** Data supplied follows **

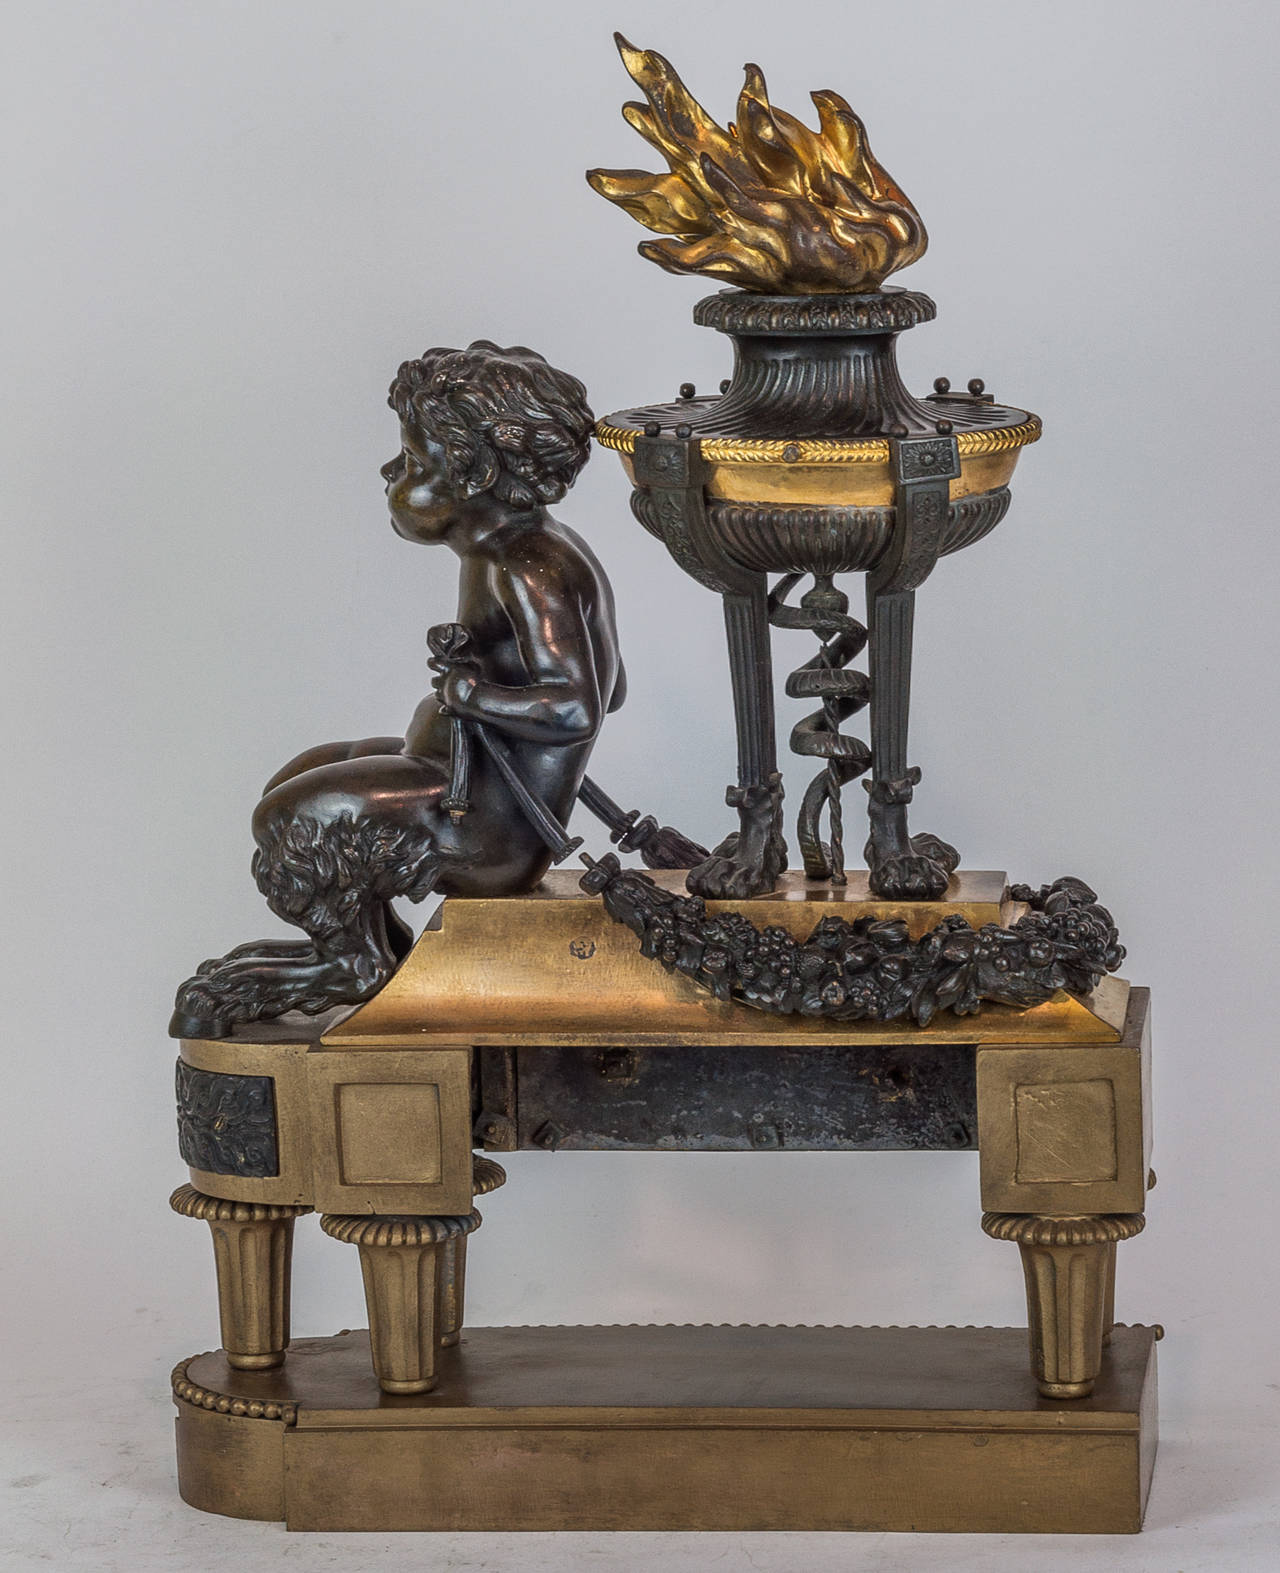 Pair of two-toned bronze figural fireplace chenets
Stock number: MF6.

** End of Data supplied **
** Data supplied follows **

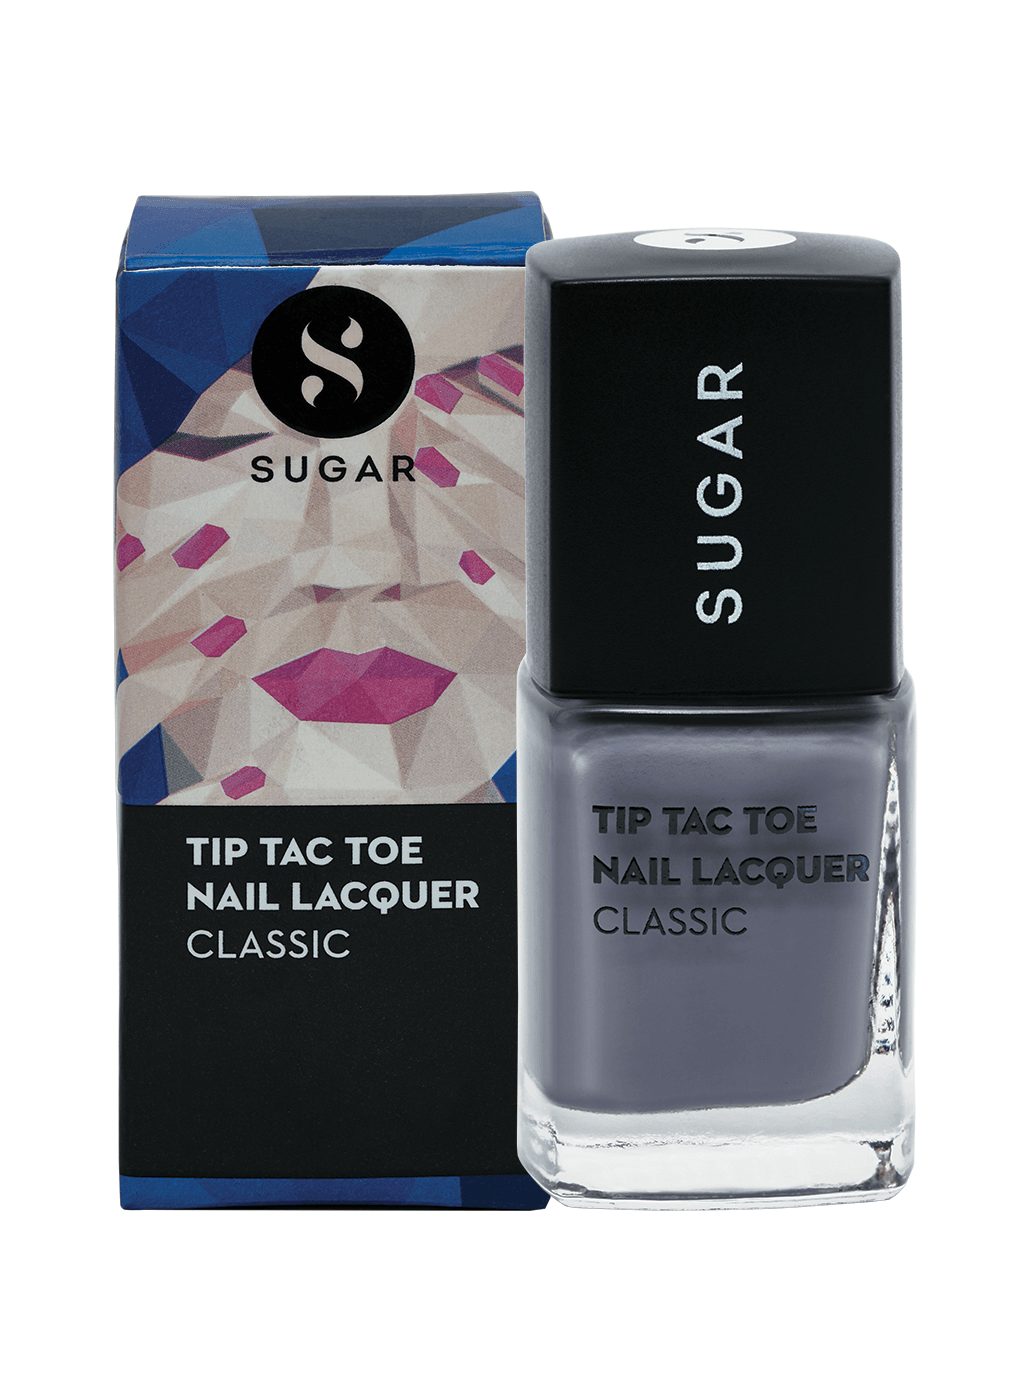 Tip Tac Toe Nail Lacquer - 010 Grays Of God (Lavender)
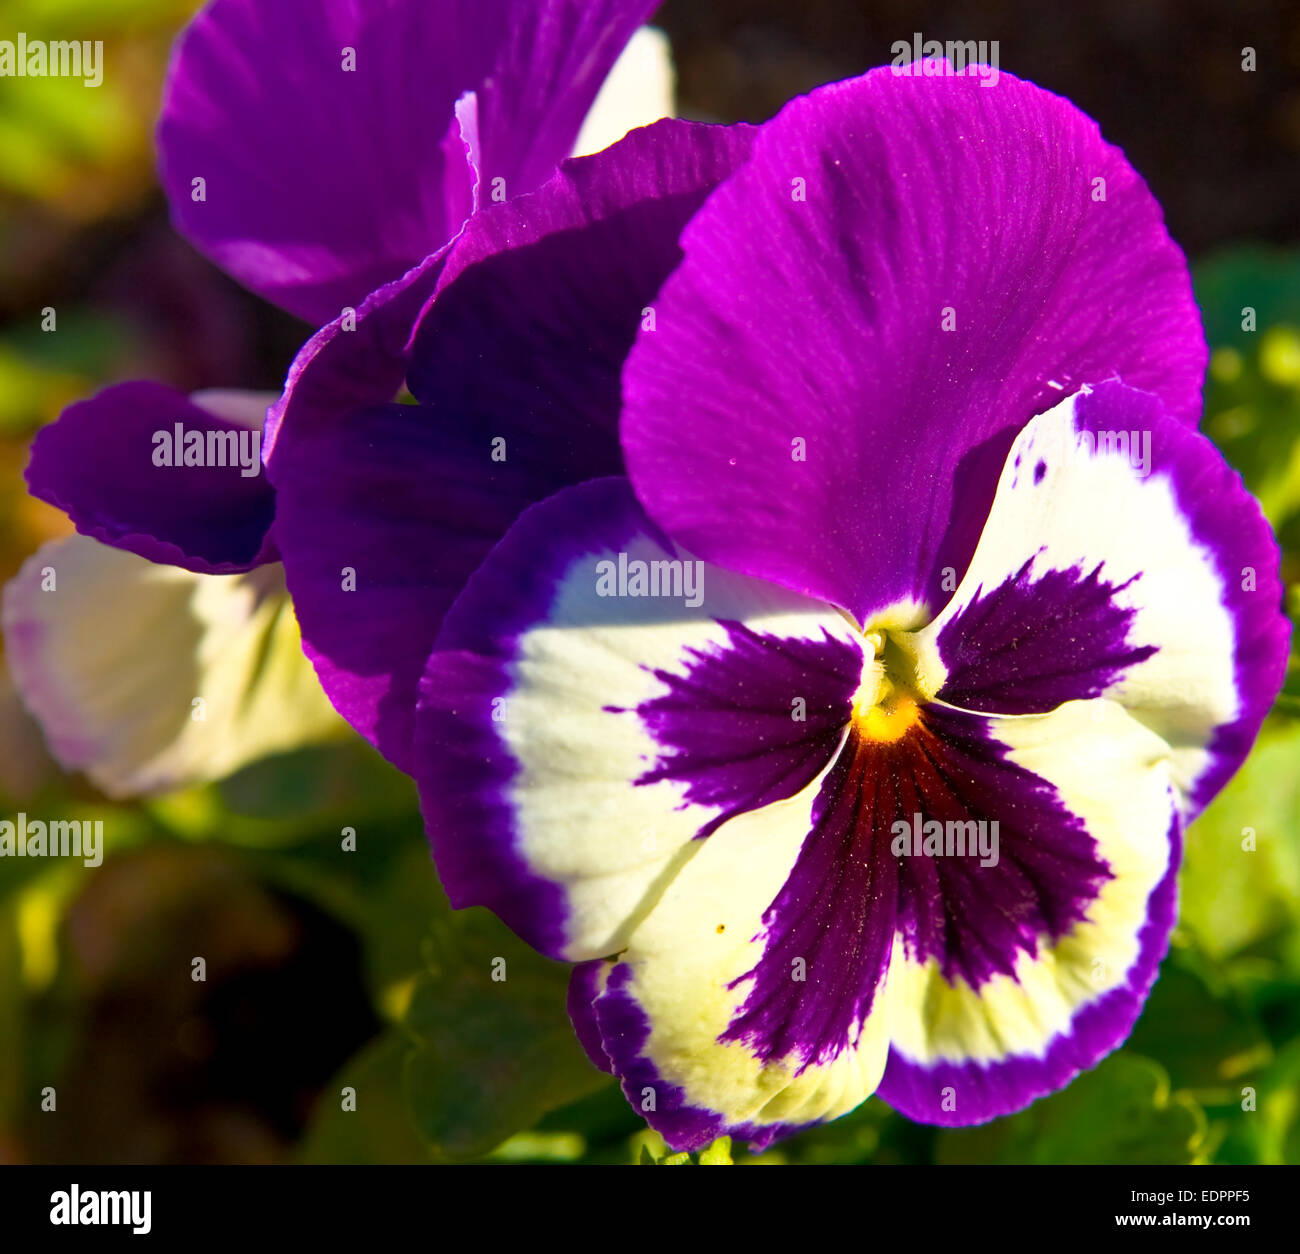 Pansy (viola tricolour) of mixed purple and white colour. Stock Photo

** End of Data supplied **

— Action item —
Retype only the lines above from the one with "Tip Tac Toe" through the one with "Pansy (viola tricolour)", exactly and with both ends. Images stay out.

— Result of this task —
 Tip Tac Toe Nail Lacquer - 010 Grays Of God (Lavender)
 Pansy (viola tricolour) of mixed purple and white colour. Stock Photo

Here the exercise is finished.